**EXERCISE PROMPT:**
Within the data that follows, set down exactly the lines from the one containing "Платье MYRIAMПлатье TOUPY, модель" through the one containing "Usted está en", both ends included.

=== ENTRIES SHOWN ===

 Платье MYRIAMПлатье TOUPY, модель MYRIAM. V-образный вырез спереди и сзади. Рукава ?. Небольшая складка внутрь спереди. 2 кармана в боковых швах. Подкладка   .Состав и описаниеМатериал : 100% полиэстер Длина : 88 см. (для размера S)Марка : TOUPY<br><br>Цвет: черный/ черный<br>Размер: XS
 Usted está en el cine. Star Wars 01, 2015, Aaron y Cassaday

===
=== ENTRIES SHOWN ===

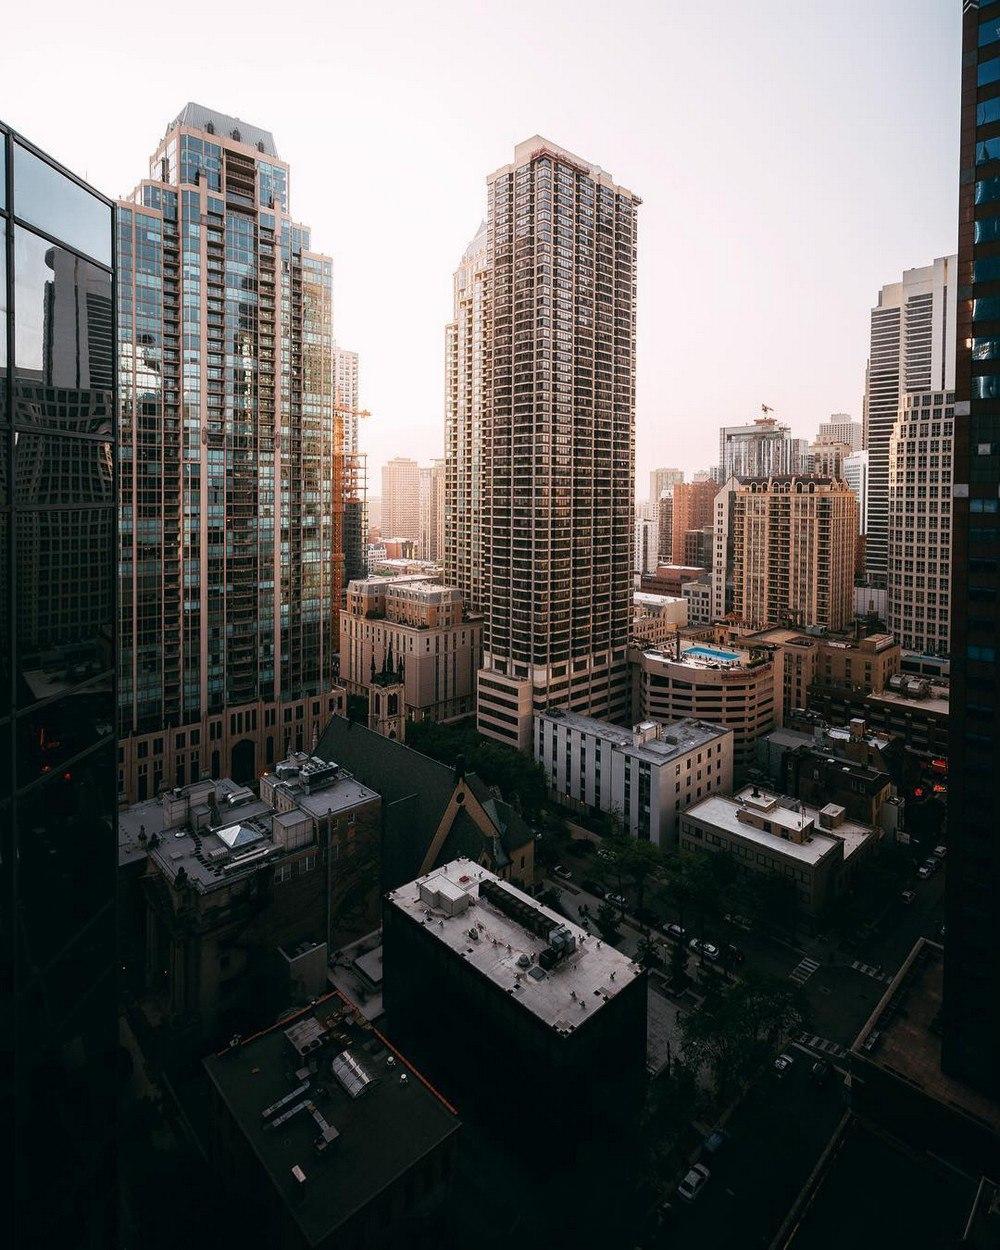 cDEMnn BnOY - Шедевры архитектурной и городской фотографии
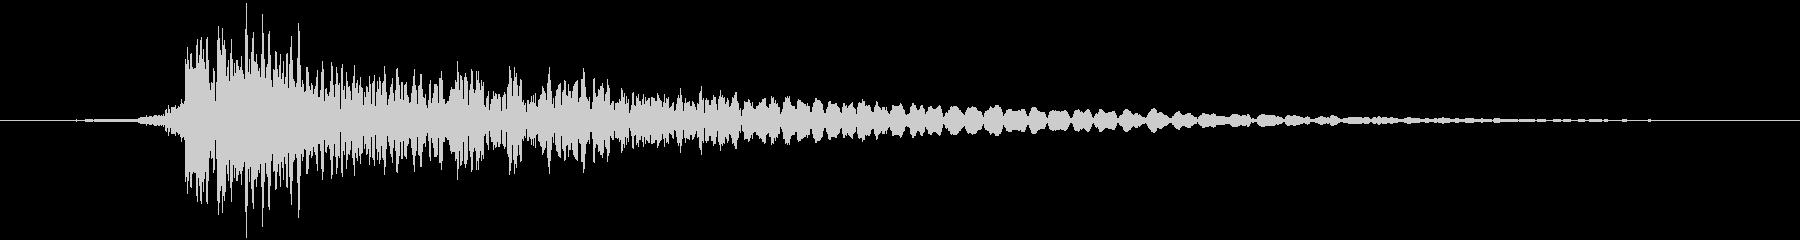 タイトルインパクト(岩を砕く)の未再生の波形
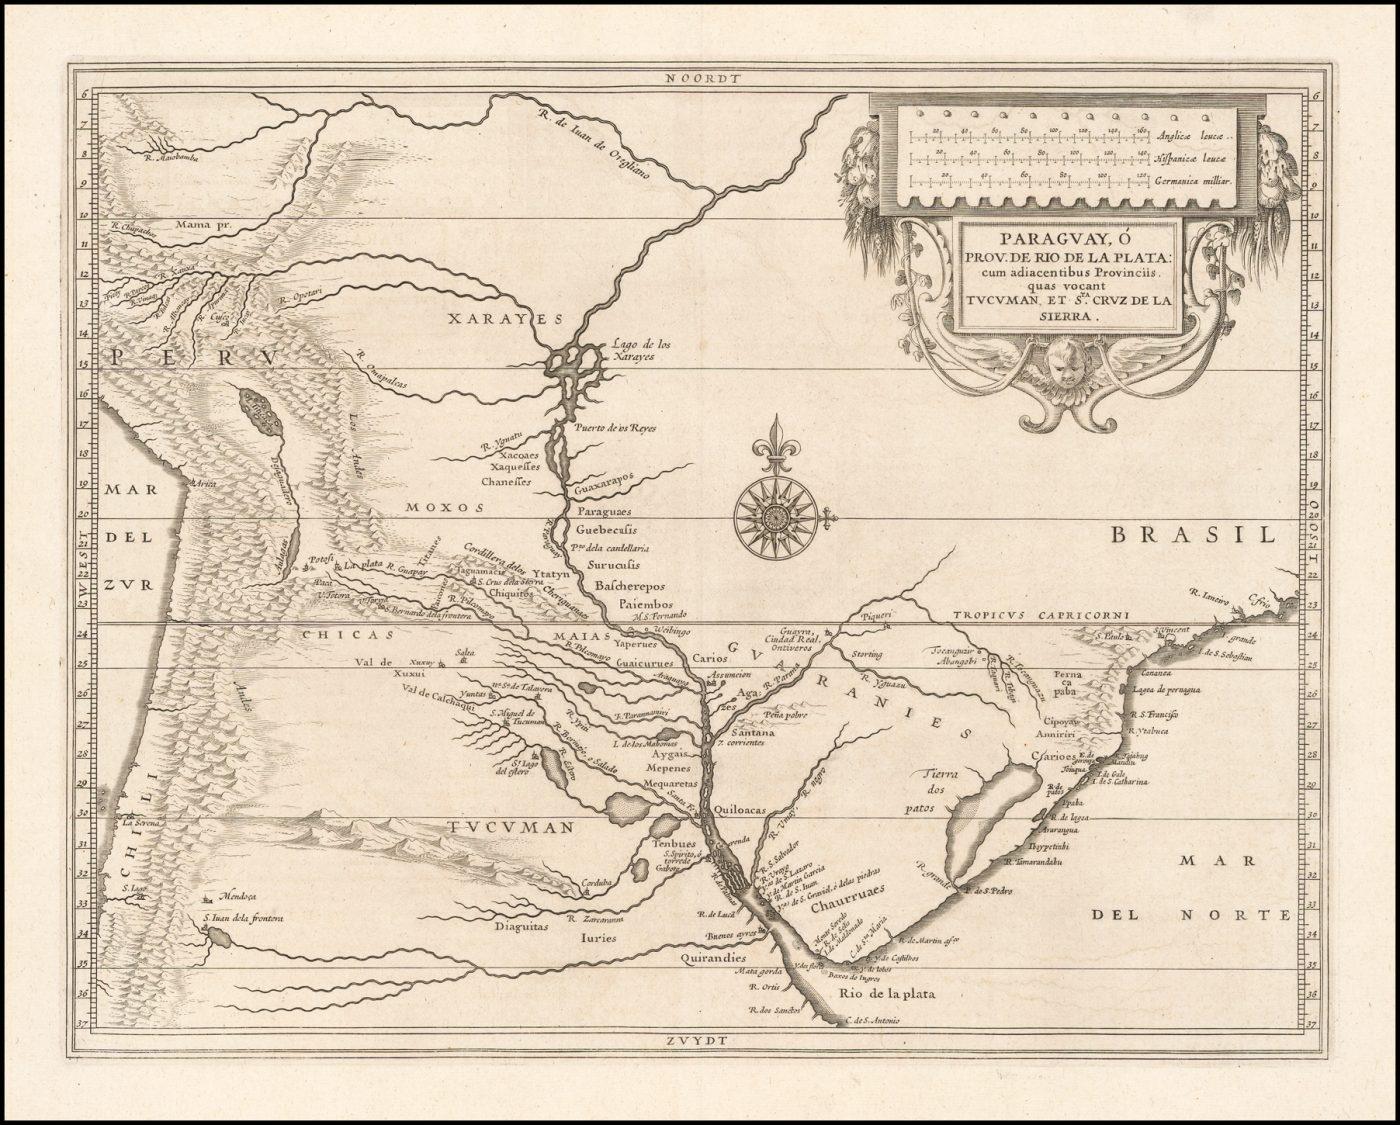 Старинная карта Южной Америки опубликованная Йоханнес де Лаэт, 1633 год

===
=== ENTRIES SHOWN ===

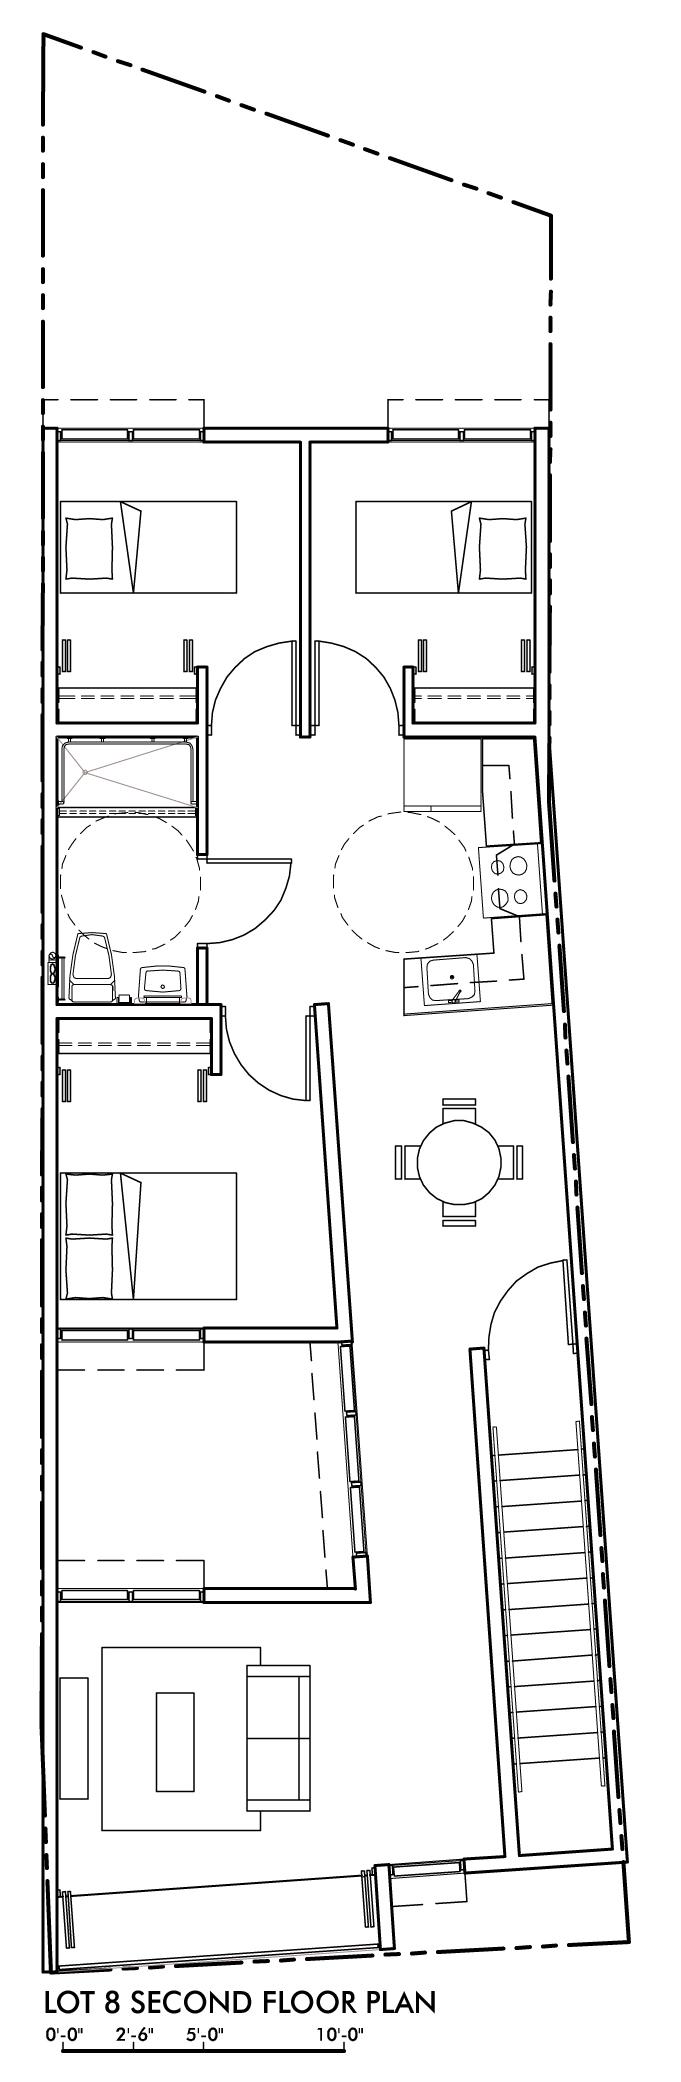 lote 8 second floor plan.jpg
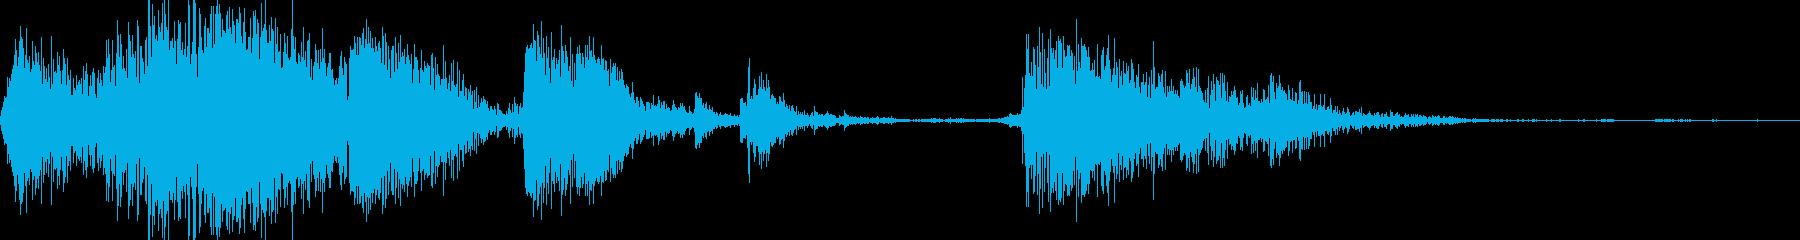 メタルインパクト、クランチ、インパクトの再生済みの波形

===

**COMPLETED TASK:**
 Платье MYRIAMПлатье TOUPY, модель MYRIAM. V-образный вырез спереди и сзади. Рукава ?. Небольшая складка внутрь спереди. 2 кармана в боковых швах. Подкладка   .Состав и описаниеМатериал : 100% полиэстер Длина : 88 см. (для размера S)Марка : TOUPY<br><br>Цвет: черный/ черный<br>Размер: XS
 Usted está en el cine. Star Wars 01, 2015, Aaron y Cassaday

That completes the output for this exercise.